> [What the exercise asks]: From the line that holds "Pair Black Plastic" down to the last line of the listing below, reproduce each line exactly and nothing more, omitting pictures.

> [Dataset section]:
# # #
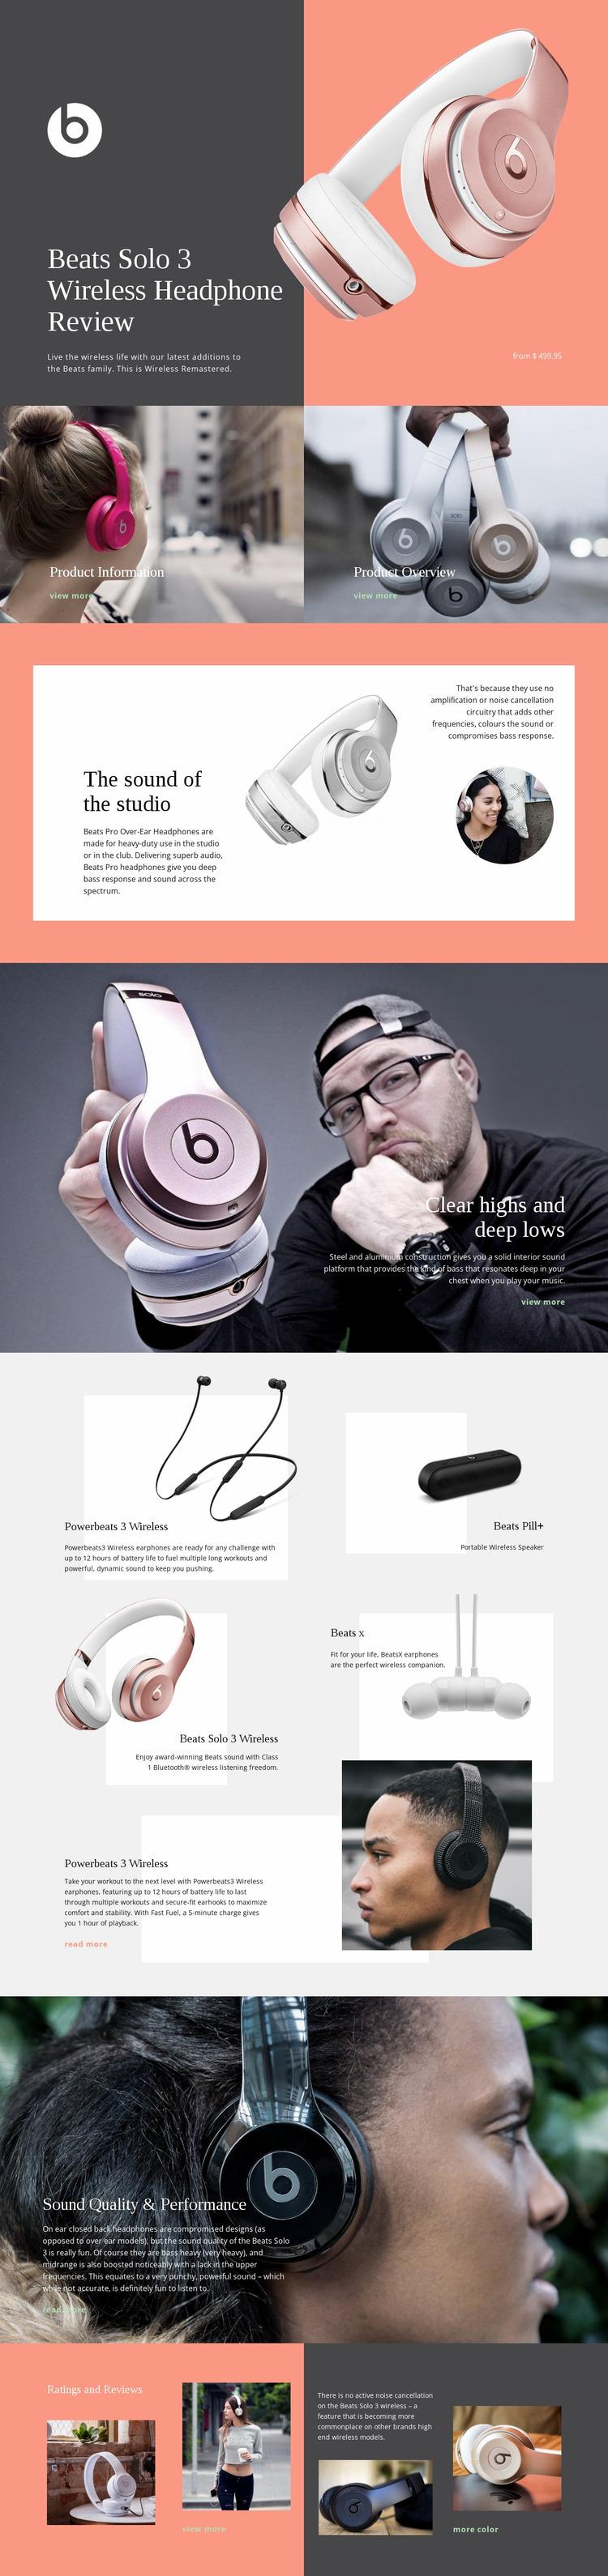 Beats Wireless Website Mockup
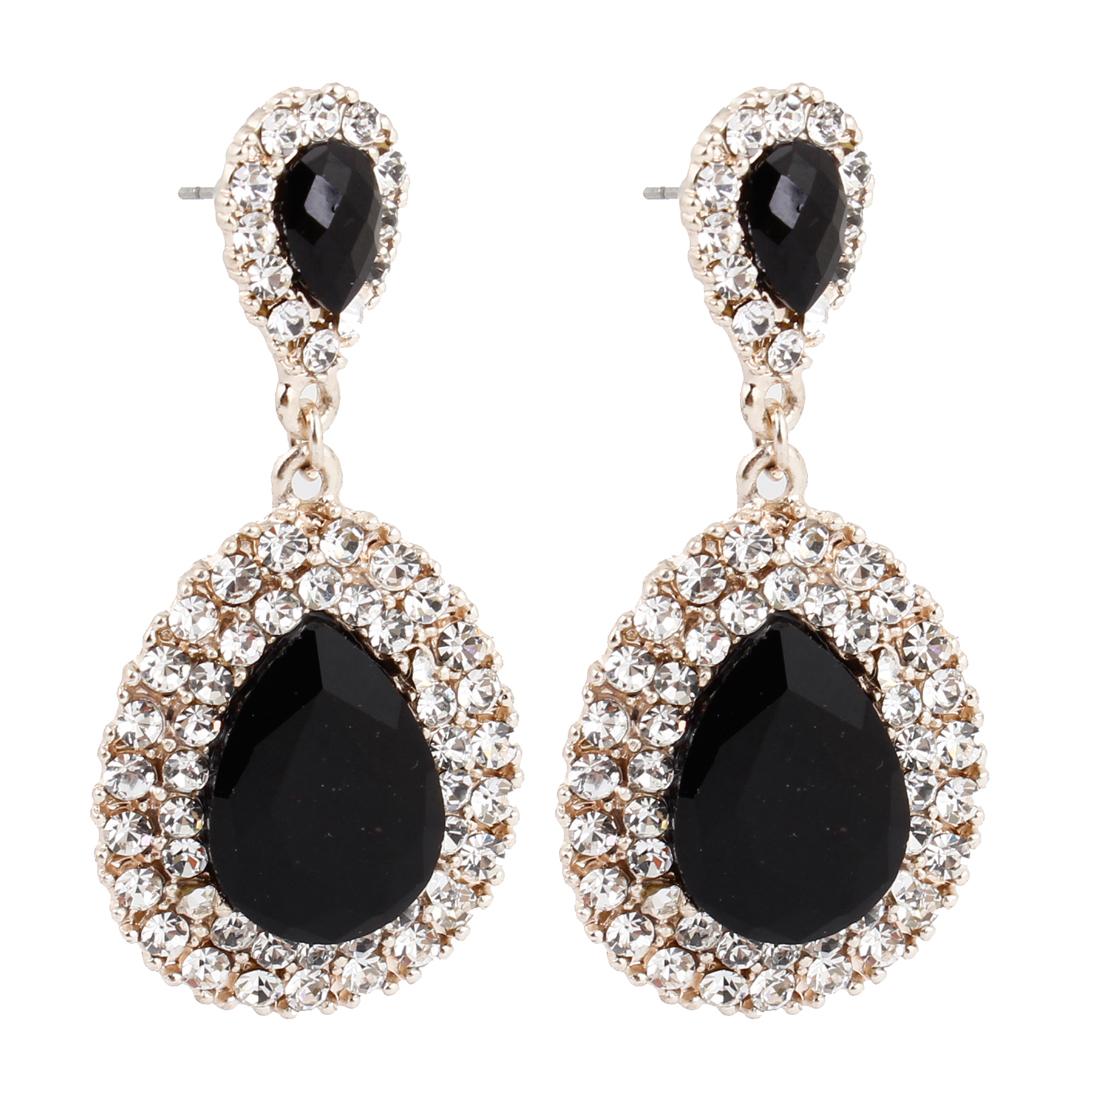 Pair Black Plastic Waterdrop Crystal Pendant Metal Stud Earrings for Women
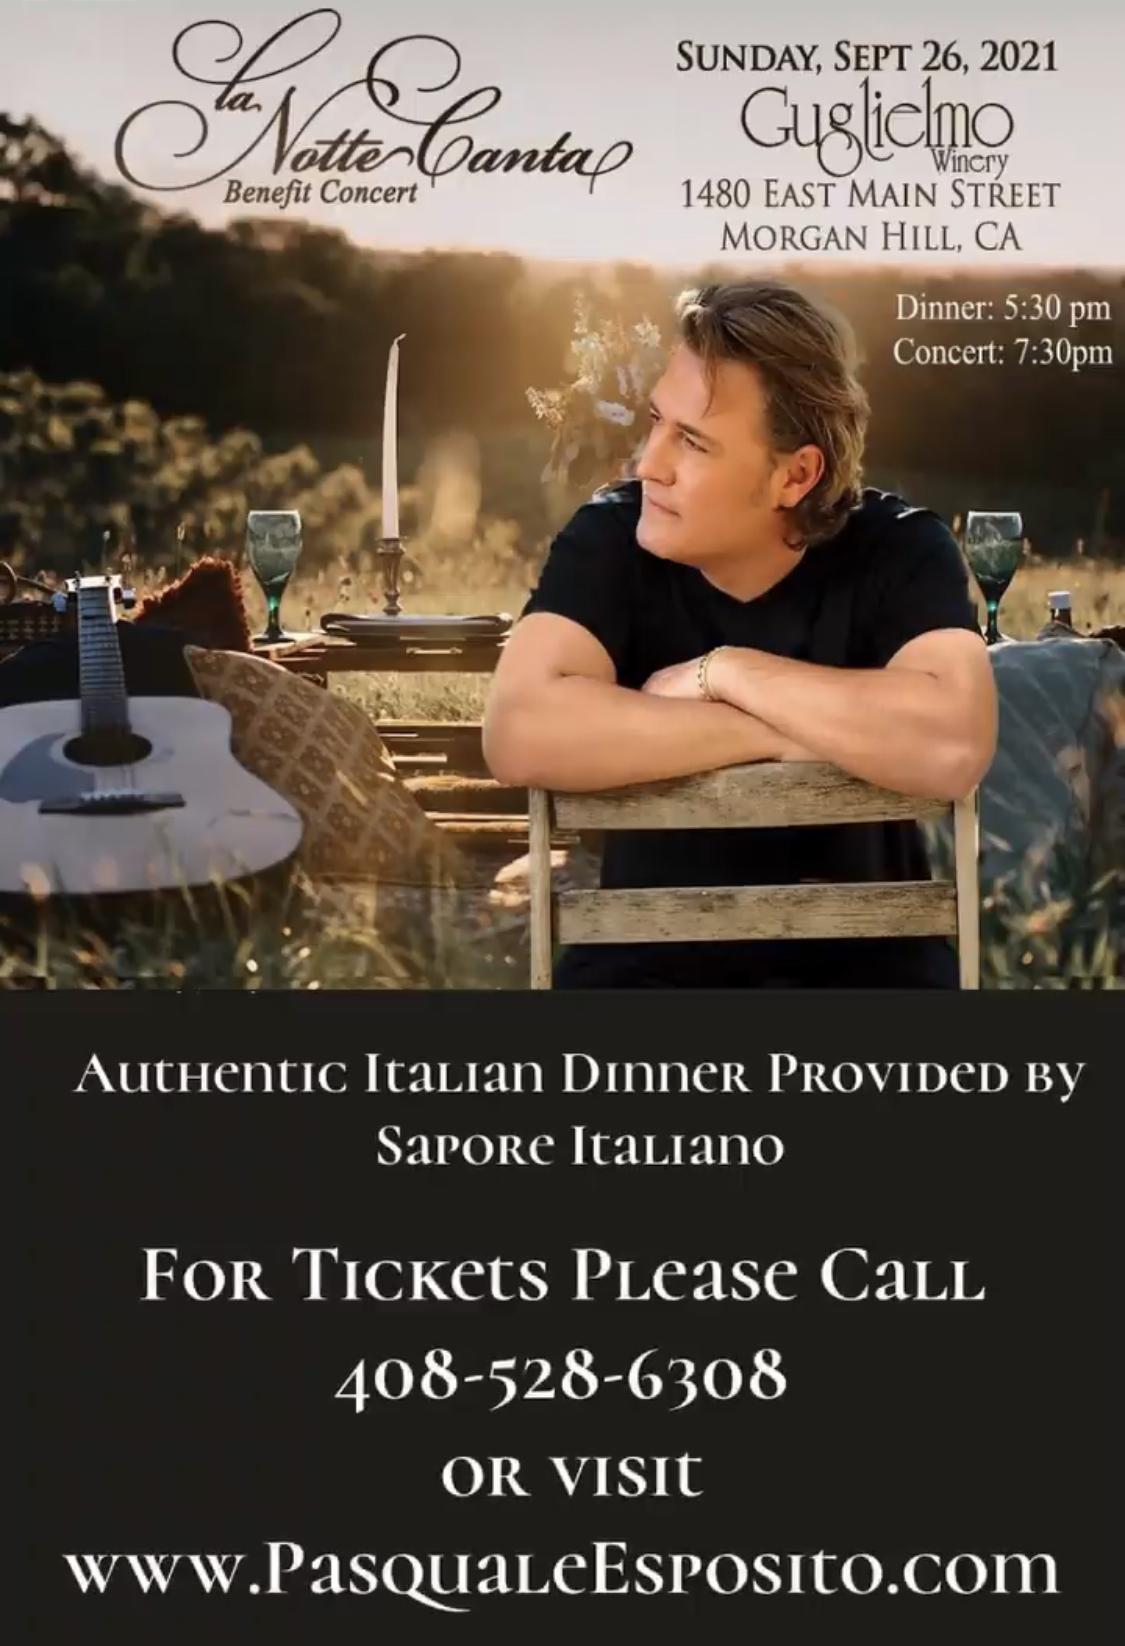 La Notte Canta Benefit Concert with Pasquale Esposito
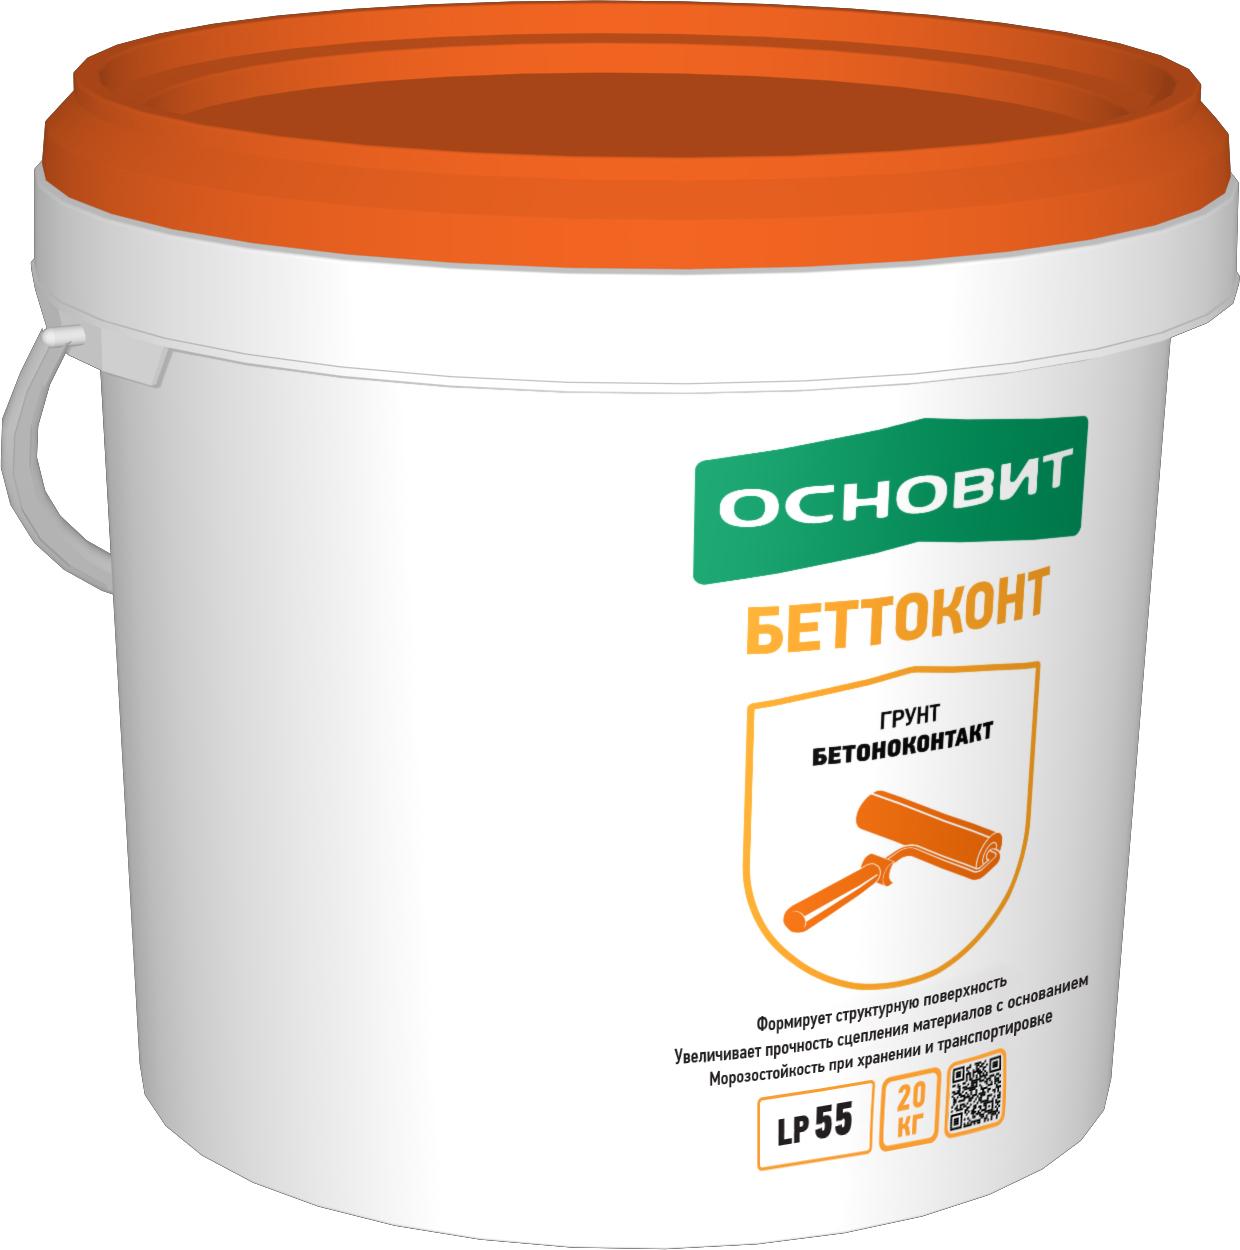 Купить Грунт адгезионный Основит Беттоконт LP55, 20 кг — Фото №1
# # #
> [Solution for this exercise]:
 Pair Black Plastic Waterdrop Crystal Pendant Metal Stud Earrings for Women
 La Notte Canta Benefit Concert with Pasquale Esposito
 Купить Грунт адгезионный Основит Беттоконт LP55, 20 кг — Фото №1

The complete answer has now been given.